The described tool simulates a sort of awareness on the home governance, so that people can act in a specific way knowing that each choice has an impact in terms of environmental footprint. The predictor increases the precision of the calculations and the accuracy of the results as the number of cases analyzed increases.

In order to develop a more effective tool, it would be advisable to build a dataset based on measures related to more effective situations where all parameters are known. The final assessment should be carried out by a pool of experts on different topics, so that the conditions can be studied not only from an architectural and urban planning point of view, but also from a health and psychological point of view. In addition, the configurations studied can be labeled starting from the diseases that affect the residents. The creation of an effective predictor would make this possible:

  • in-depth knowledge of the current situation concerning existing indoor environments’ healthiness;

  • widespread availability of an effective evaluation tool preparatory to the development of a sole and complete indoor environment health certification, which is lacking at the moment;

  • estimation and production of effective solutions to renovate unhealthy environments;

  • creation of a design tool to address the construction of suitable indoor environments;

  • widespread and accessibility to in-depth knowledge of these topics;

  • introduction of policies aimed at increasing healthiness in indoor environments;

  • opportunity to educate users to a virtuous behavior, aimed at improving the healthiness in indoor environments.

The system’s output is a dashboard, a sort of digital-control panel which allows the users to follow in real time the parameters related to their own consumption of energy and resources, through the connection with devices such as smartphones, tablets, and PCs. The overall ecological footprint is measured based on energy, environmental, water waste, and food “cycles.”

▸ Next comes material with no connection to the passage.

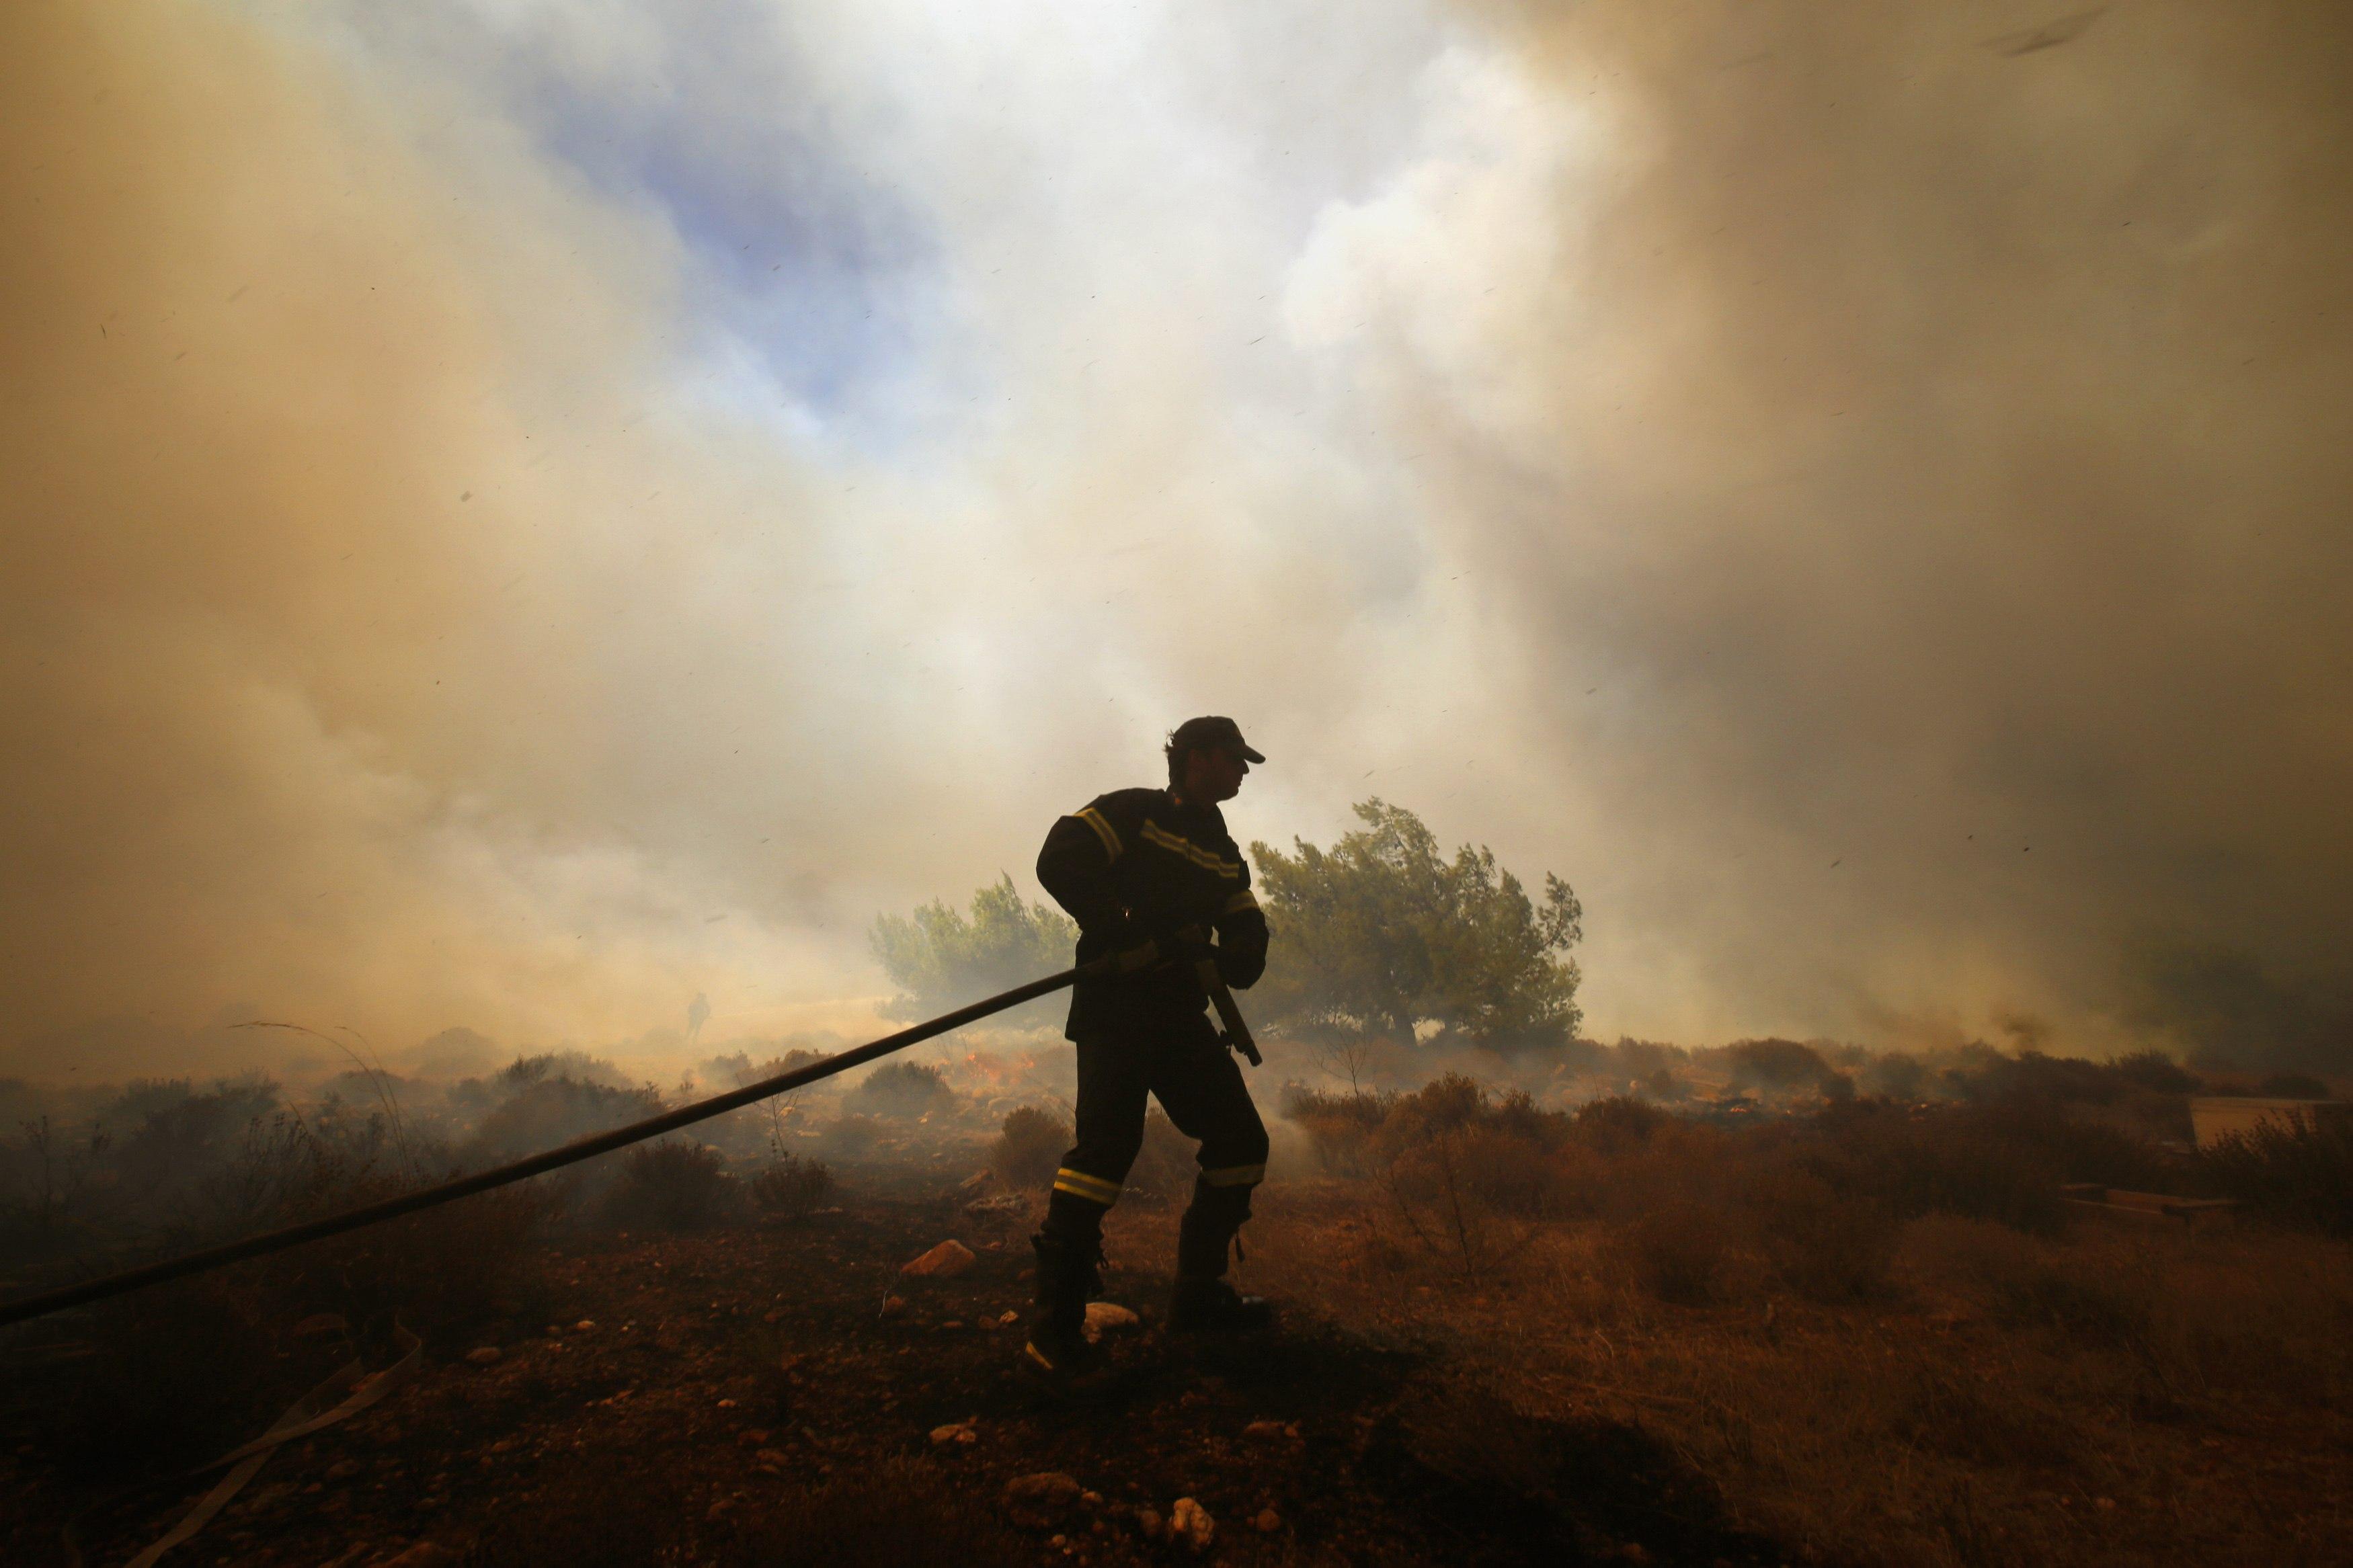 Φωτιά στον Παρνασσό – Εκκενώθηκαν κατασκηνώσεις
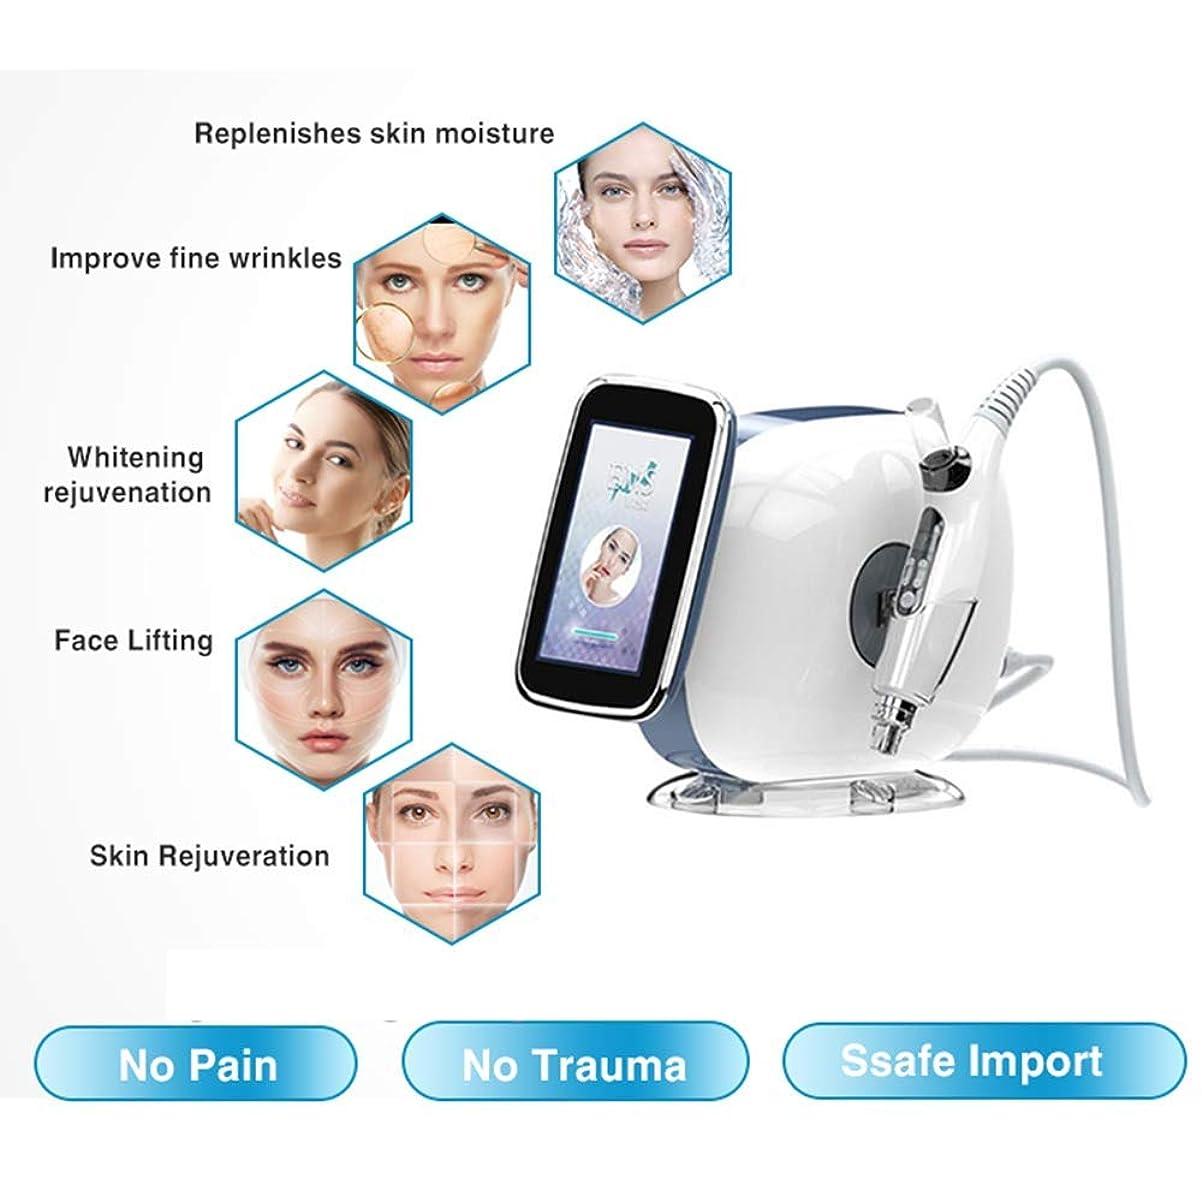 両方矛盾する略す顔の皮の美容院の鉱泉機械、3-In-1Portableの手持ち型の高周波皮療法、EMS、FR、皮のきつく締まること、しわの減少

The system uses IoT technology and processes the data collected by the sensors with artificial intelligence and provides a global assessment of the state of the house (a number), from which partial assessments and suggestions for better and more virtuous behavior can be derived. The final goal of such a system is to be connected with similar system to create a network of real-time information about the ecology of the indoor habitat.

The resulting tool does not deal with automation technologies to control the indoor spaces’ comfort, but addresses tools able to make choices that allow occupants and information systems to learn together. The fine-tuning of these tools is enabled by the availability of parametric modeling software, jointly with opportunity to develop artificial intelligence models to calculate the connection among variables.

The development of devices to convert the large, heterogeneous, and variable amounts of data into information enables the development of a resilient and adaptable planning methodology based on the complex interactions between structural and technological systems, between spaces and functions, between social and economic factors. The machine learning system combines this data with indoor data from various sensors that calculate consumption, environmental parameters, and the behavior of people in each unit.

The final aim is to create a conscious “energy citizenship” living in energy-efficient buildings. Energy and functional issues were, and remain, one of the driving factors for sustainable strategic development, and the strength of the smart approach lies in its ability to promote a holistic vision. The measures related to single units can be applied to a wider network in order to create smart districts and smart cities, involving dwellers in a serious game on their homes’ performance. The European Framework Program identified Smart Cities as one of the answers to the energy and environmental problems highlighted by the Strategic Energy Technology Plan.